Diyarbakır’ın ‘gayriresmi tarihi’nden sayfalar

Ermeni tehciri ve soykırımı üzerine son dönemde önemli çalışmaların varlığına şahit olduk. Tehcirin ve akabinde gerçekleştirilen soykırım eyleminin değişik veçhelerini Osmanlı ve Ermeni arşiv belgeleri başta olmak üzere...

ÜMİT KURT

Ermeni tehciri ve soykırımı üzerine son dönemde önemli çalışmaların varlığına şahit olduk. Tehcirin ve akabinde gerçekleştirilen soykırım eyleminin değişik veçhelerini Osmanlı ve Ermeni arşiv belgeleri başta olmak üzere inceleyen ve bu minvalde resmi Türk yazımını da yerle bir eden bu tür çalışmalar bize Ermeni soykırımı kararını alan ve bunu kuvveden fiile çıkaran İttihat ve Terakki iktidarının teşkil ettiği devletin merkezi siyasi elitlerinin rolünü, eylemlerini ve Ermenilerin imhasına yönelik uygulamalarını çarpıcı ve ikna edici bir biçimde ortaya koydu.

İT’nin suç ortağı arayışı

Diyarbakır Tebliğleri: Diyarbakır ve Çevresi Toplumsal ve Ekonomik Tarihi Konferansı

Yayıma Hazırlayan: Bülent Doğan

Hrant Dink Vakfı Yayınları

448 sayfa.

 

Fakat yine de Ermeni tehciri ve soykırımı literatürünün bilhassa yerel tarih yazımı çalışmaları açısından bir eksiklikle malul olduğunu söylemek mümkün. En nihayetinde Anadolu’nun neredeyse tamamında vuku bulan Osmanlı Ermeni vatandaşlarının köklerinden kopartılıp köklerinin kurutulması eylemi hiçbir biçimde tek başına İttihat ve Terakki iktidarının merkezdeki elitlerinin tek başına yapabileceği bir şey değildi. Burada Zeytun’daki, İskenderun’daki, Antep’deki, Adana’daki, Diyarbakır’daki, Konya’daki yerel elitlerin, eşrafın ve yerel halkın desteği ve rızası olmadan bu tür büyük etnisite mühendislikleri ve toplumsal yıkım ‘projeleri’ zinhar gerçekleştirilmezdi. Toplum sosyolojisini çok iyi tahlil eden İttihatçı kadrolar bunun farkındaydı ve bu nedenle Anadolu’nun her yerinde halkı bu suça ‘ortak’ etmek ve ‘katılımlarını’ sağlamak adına değişik motivasyonlar ve destek mekanizmaları devreye sokuldu. Bu motivasyonların başında Ermeni mallarının söz konusu yerel eşraf arasında paylaştırılması vaadi geliyordu.

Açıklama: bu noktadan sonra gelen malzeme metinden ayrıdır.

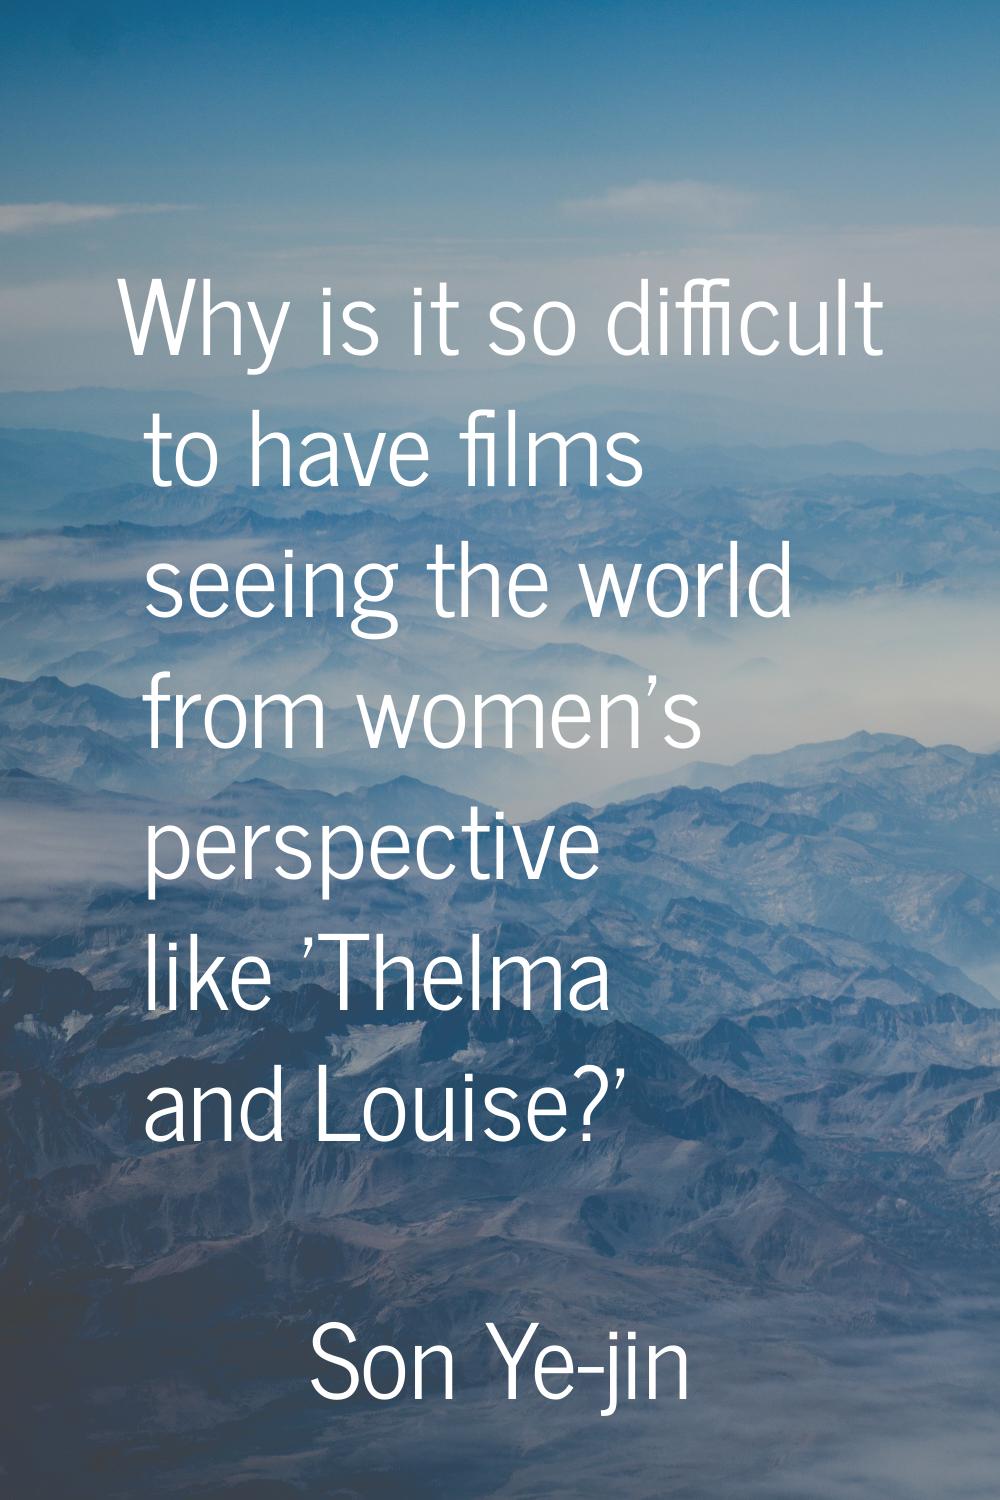 Why is it so difficult to have films seeing the world from women's perspective like 'Thelma and Lou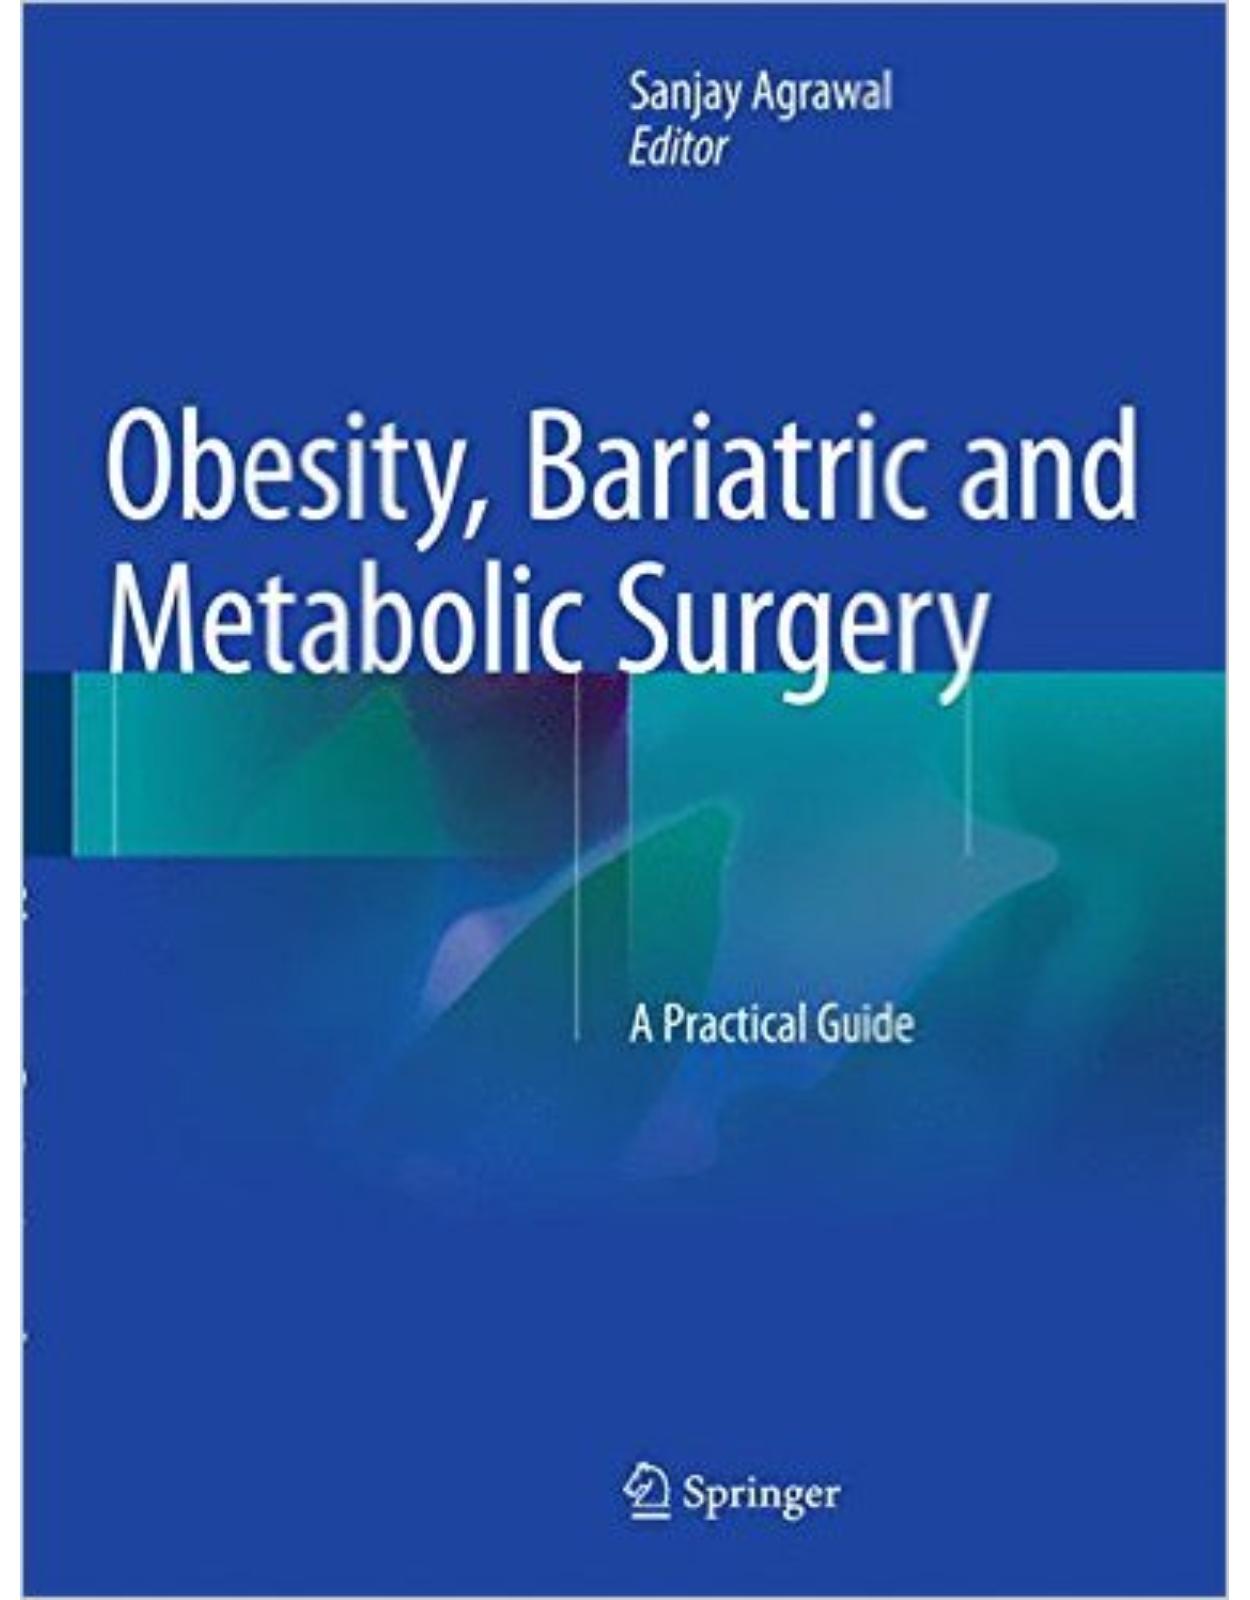 Obesity, Bariatric and Metabolic Surgery. A Practical Guide

Dolayısıyla, Ermeni tehciri ve soykırımının hem tarihçilik açısından daha iyi anlaşılması ve nüanslı bir biçimde analiz edilmesi hem de inkar siyasetinin içinin ne derece boş olduğunu göstermek bakımından bu kitlesel katılımın büyük ölçüde etkili olduğu aşırı şiddet eyleminin mikro düzeyde yerel tarih çalışmalarıyla ortaya konulması büyük önem arz ediyor. Bu nedenle Antep’de, Diyarbakır’da, Bitlis’de, Van’da, Erzurum’da, Dersim’de vs. gibi yerlerde Ermenilerin ve Türk olmayan diğer gayrimüslim unsurların başına gelen akıbeti anlatan yerel tarih araştırmlarına şiddetle ihtiyacımız var.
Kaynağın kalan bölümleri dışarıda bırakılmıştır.